Six Examples by Jay McDaniel
A small but growing number Christians in the
West are turning to Buddhism for spiritual guidance. Many are reading books
about Buddhism, and some are also meditating, participating in Buddhist
retreats, and studying under Buddhist teachers. They are drawn to Buddhism’s
emphasis on “being present” in the present moment; to its recognition of the
interconnectedness of all things; to its emphasis on non-violence; to its
appreciation of a world beyond words, and to its provision of practical means —
namely meditation — for growing in one’s capacities for wise and compassionate
living in daily life. As they learn from Buddhism, they do not abandon
Christianity. Their hope is that Buddhism can help them become better
Christians. They are Christians influenced by Buddhism.

01: Julia is
typical of one kind of Christian influenced by Buddhism. She is a hospice
worker in New York who, as a Benedictine sister, turns to Buddhism “to become a
better listener and to become more patient.” As a student of Zen she has been
practicing zazen for twenty years under the inspiration of the Vietnamese Zen
teacher, Thich Nhat Hanh, whose book Living Buddha/Living Christ gave her new
eyes for Christ, proposing that Jesus himself was “mindful in the present
moment.” She practices meditation in order to deepen her own capacities for
mindfulness, particularly as it might help her be more effective in her life’s
calling. As a hospice worker she feels called to listen to dying people,
quietly and without judgment, as a way of extending the healing ministry of
Christ. Like many people in consumer society, she sometimes finds herself too
hurried and distracted, too caught up in her own concerns, to be present to
others in patient and healing ways. She turns to Zen practice because it has
helped her become more patient and attentive in her capacities to be available
to people in a spirit of compassion.
From Julia’s perspective, “being present” to
people in a compassionate way is a spiritual practice in its own right. She
calls this attention “practicing the presence of God,” and she believes that
this listening participates in a deeper Listening – an all-inclusive Love —
whom she calls God, and whom she believes is everywhere at once. She turns to
Zen meditation, then, not to escape the world, but to help her drawn closer to
the very God whose face she sees in people in need, and to help her become
gentler and more attentive in her own capacities for listening. In her words:
“I hope that my Zen practice has helped me become a better Christian.”
02: John, too, is
a Christian who practices meditation, but for different reasons. He suffers
from chronic back pain from a car accident several years ago. He has turned to
meditation as a way of coping more creatively with his pain. “The pain doesn’t
go away,” he says, but it’s so much worse when I fight it.
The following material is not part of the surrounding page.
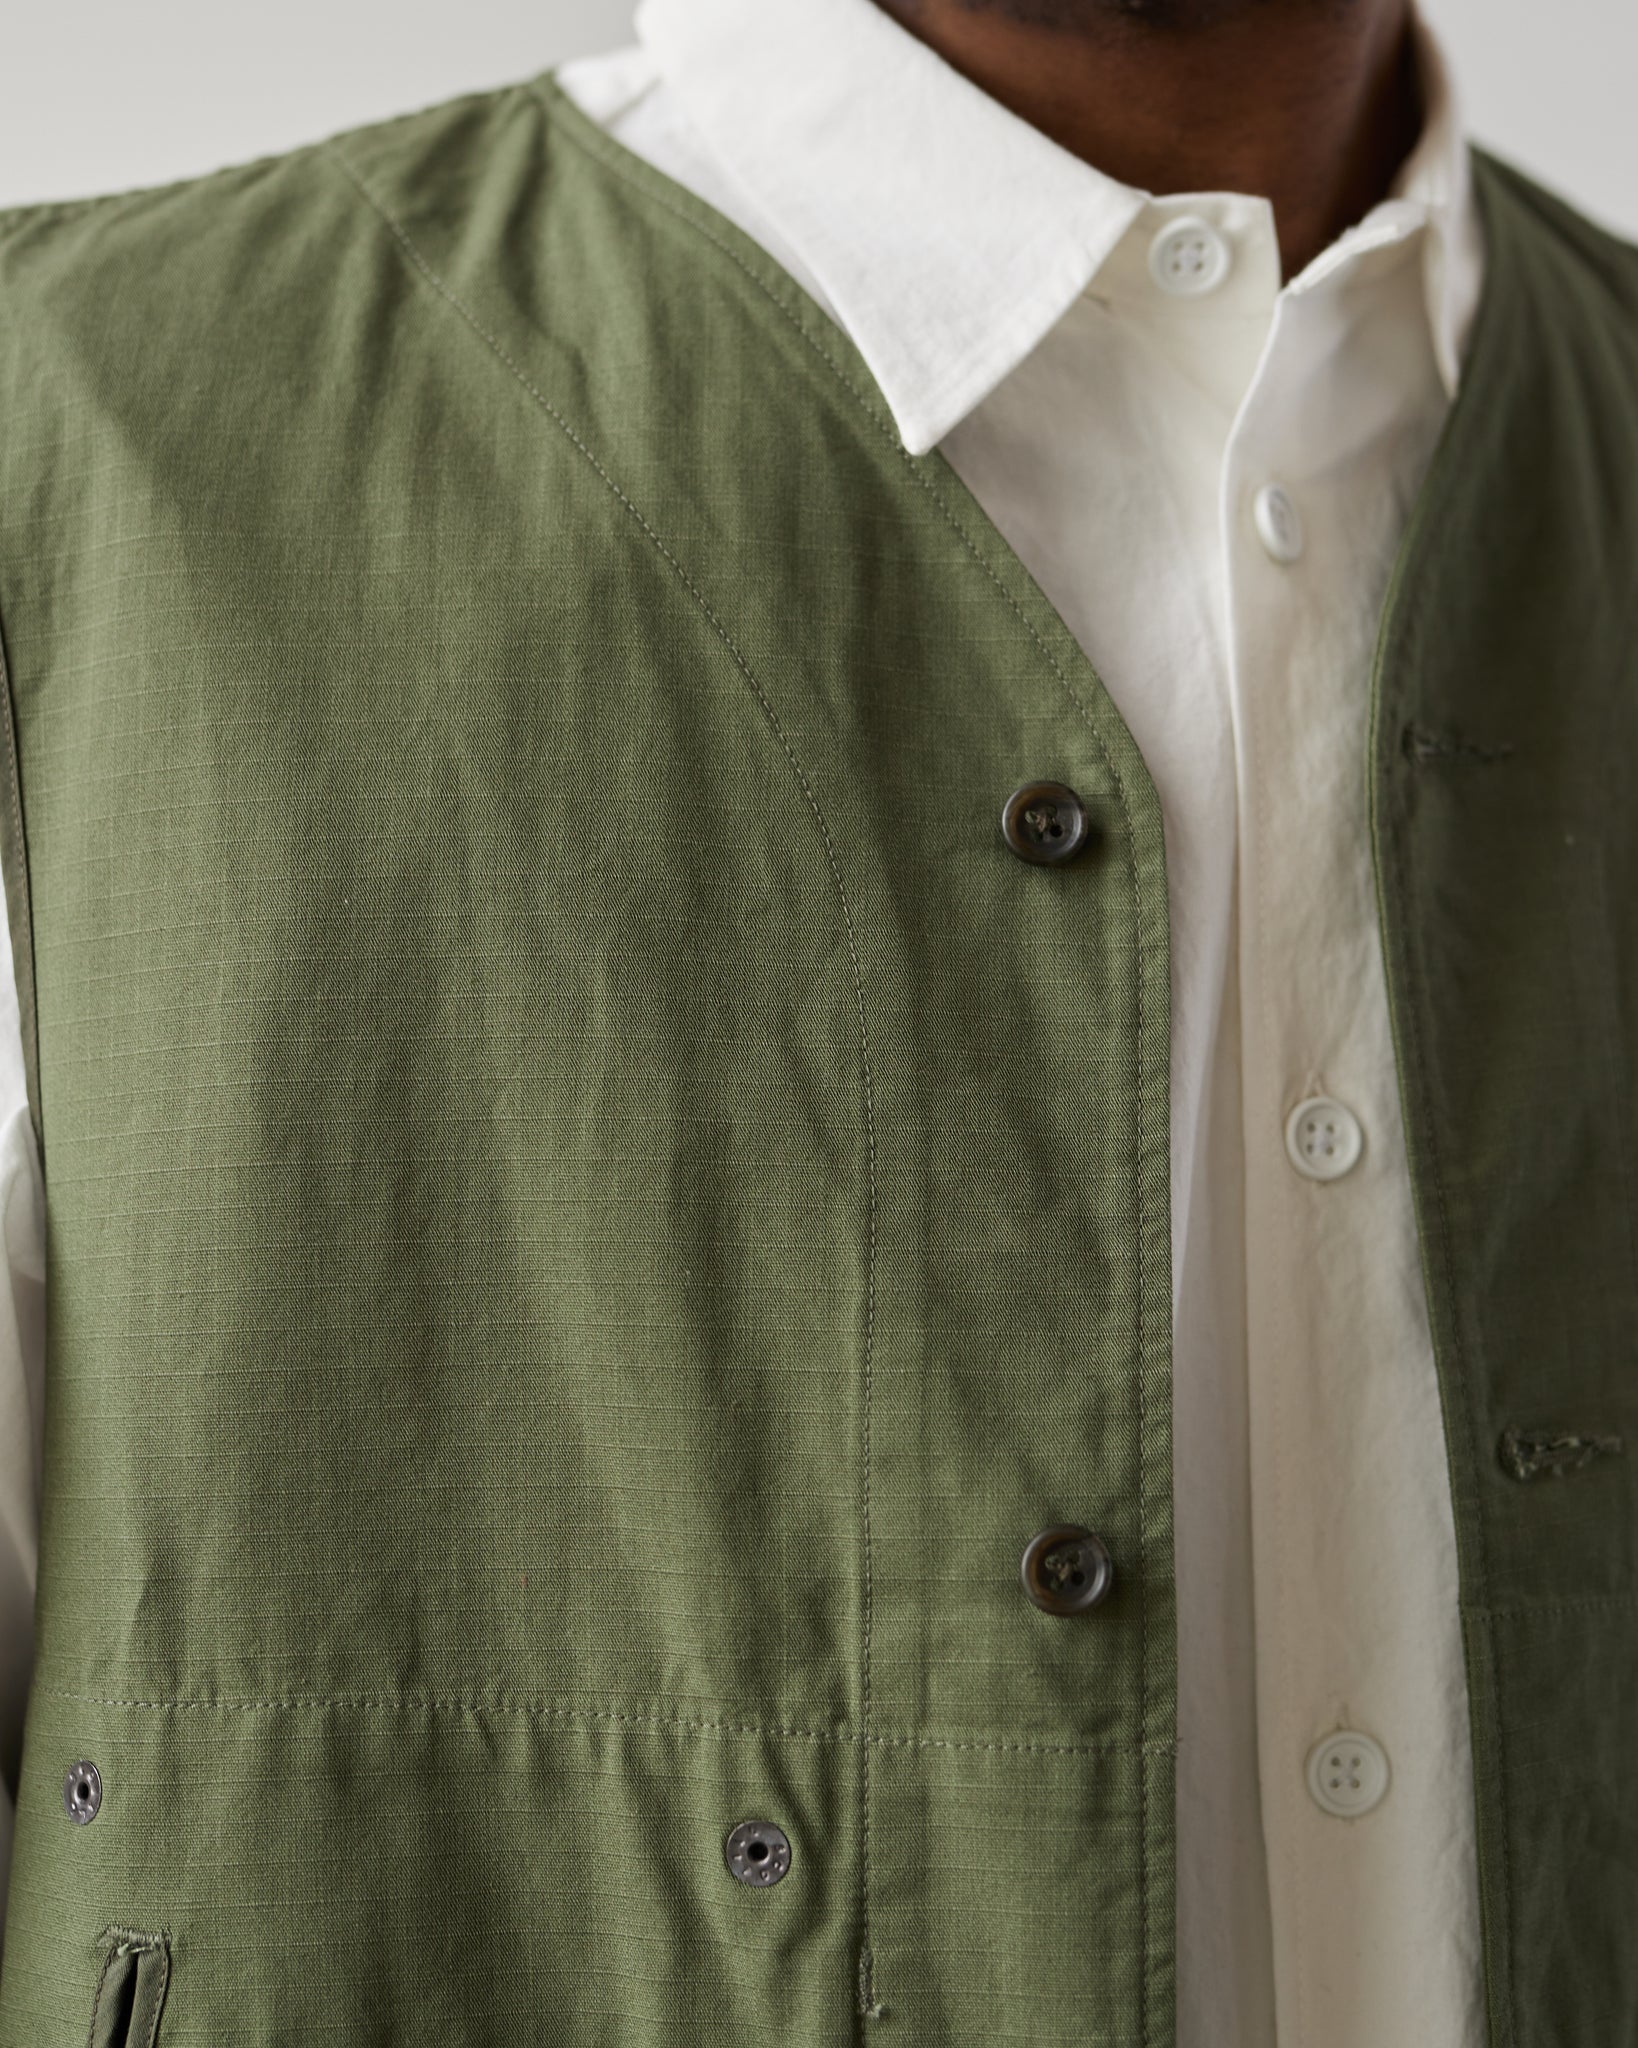 Engineered Garments Liner Vest, Olive

Meditation has
helped me live with the pain, instead of fighting it all the time.” When people
see John, they note that he seems a little more at peace, and a little more
joyful, than he used to seem. Not that everything is perfect. He has his bad
days and his good days. Still, he finds solace in the fact that, even on the
bad days, he can “take a deep breath” and feel a little more control in his
life.
When John is asked to reflect on the relation
between his meditation practice and Christianity, he reminds his questioner
that that the very word Spirit is connected to the Hebrew word ruach, which
means breathing. John sees physical breathing—the kind that we do each moment
of our lives–as a portable icon for a deeper Breathing, divine in nature, which
supports us in all circumstances, painful and pleasant, and which allows us to
face suffering, our own and that of others, with courage. “Buddhism has helped
me find strength in times of pain; it has helped me find God’s Breathing.”
03: Sheila is an
advertising agent in Detroit who turns to Buddhism for a different reason. She
does not practice meditation and is temperamentally very active and busy. But
over the years her busyness has become a compulsion and she now risks losing
her husband and children, because she never has time for her family. As she
explains: “Almost all of my daily life has been absorbed with selling products,
making money, and manipulating other people’s desires. Somewhere in the process
I have forgotten what was most important to me: helping others, being with
friends and family, and appreciating the simple beauties of life. Buddhism
speaks to my deeper side.”
When Sheila reflects on the relationship
between Buddhism and Christianity, she thinks about the lifestyle and values of
Jesus. She recognizes that Jesus himself had little interest in appearance,
affluence, and marketable achievement, and that he was deeply critical of the
very idea that “amassing wealth” should be a central organizing principle of
life. She doubts that Jesus would approve of the business culture in which she
is immersed, in which the accumulation of wealth seems to be the inordinate
concern. For her, then, Buddhism invites her to rethink the values by which she
lives and to turn to values that are closer to the true teachings of Christ. “I
find this simpler way challenging,” she says, “but also hopeful. I hope that
Buddhism can help me have the courage to follow Christ more truly.
04: Robert is an
unemployed social worker in Texas, who feels unworthy of respect because he
does not have a salaried job like so many of his friends. He, too, has been
reading books on Buddhism, “Most people identify with their jobs,” he says,
“but I don’t have one. Sometimes I feel like a nothing, a nobody. Sometimes I
feel like it is only at church, and sometimes not even there, that I count for
anything.”
Robert turns to Buddhism as a complement to
the kind of support he seeks to find, but sometimes doesn’t find, in
Christianity. Buddhism tells him that his real identity—his true self, as
Buddhists put it—lies more in the kindness he extends to others, and to
himself, than in the making money and amassing wealth. Like Sheila, he sees
this as connected with the teachings of Jesus. “Jesus tells me that I am made
in the image of God; Buddhism tells me that I possess the Buddha-Nature. I
don’t care what name you use, but somehow you need to know that you are more
than money and wealth.”
05: Jane is a
practicing physicist who works at a laboratory in Maryland who goes to a local
Methodist church regularly. For her, a religious orientation must “make sense”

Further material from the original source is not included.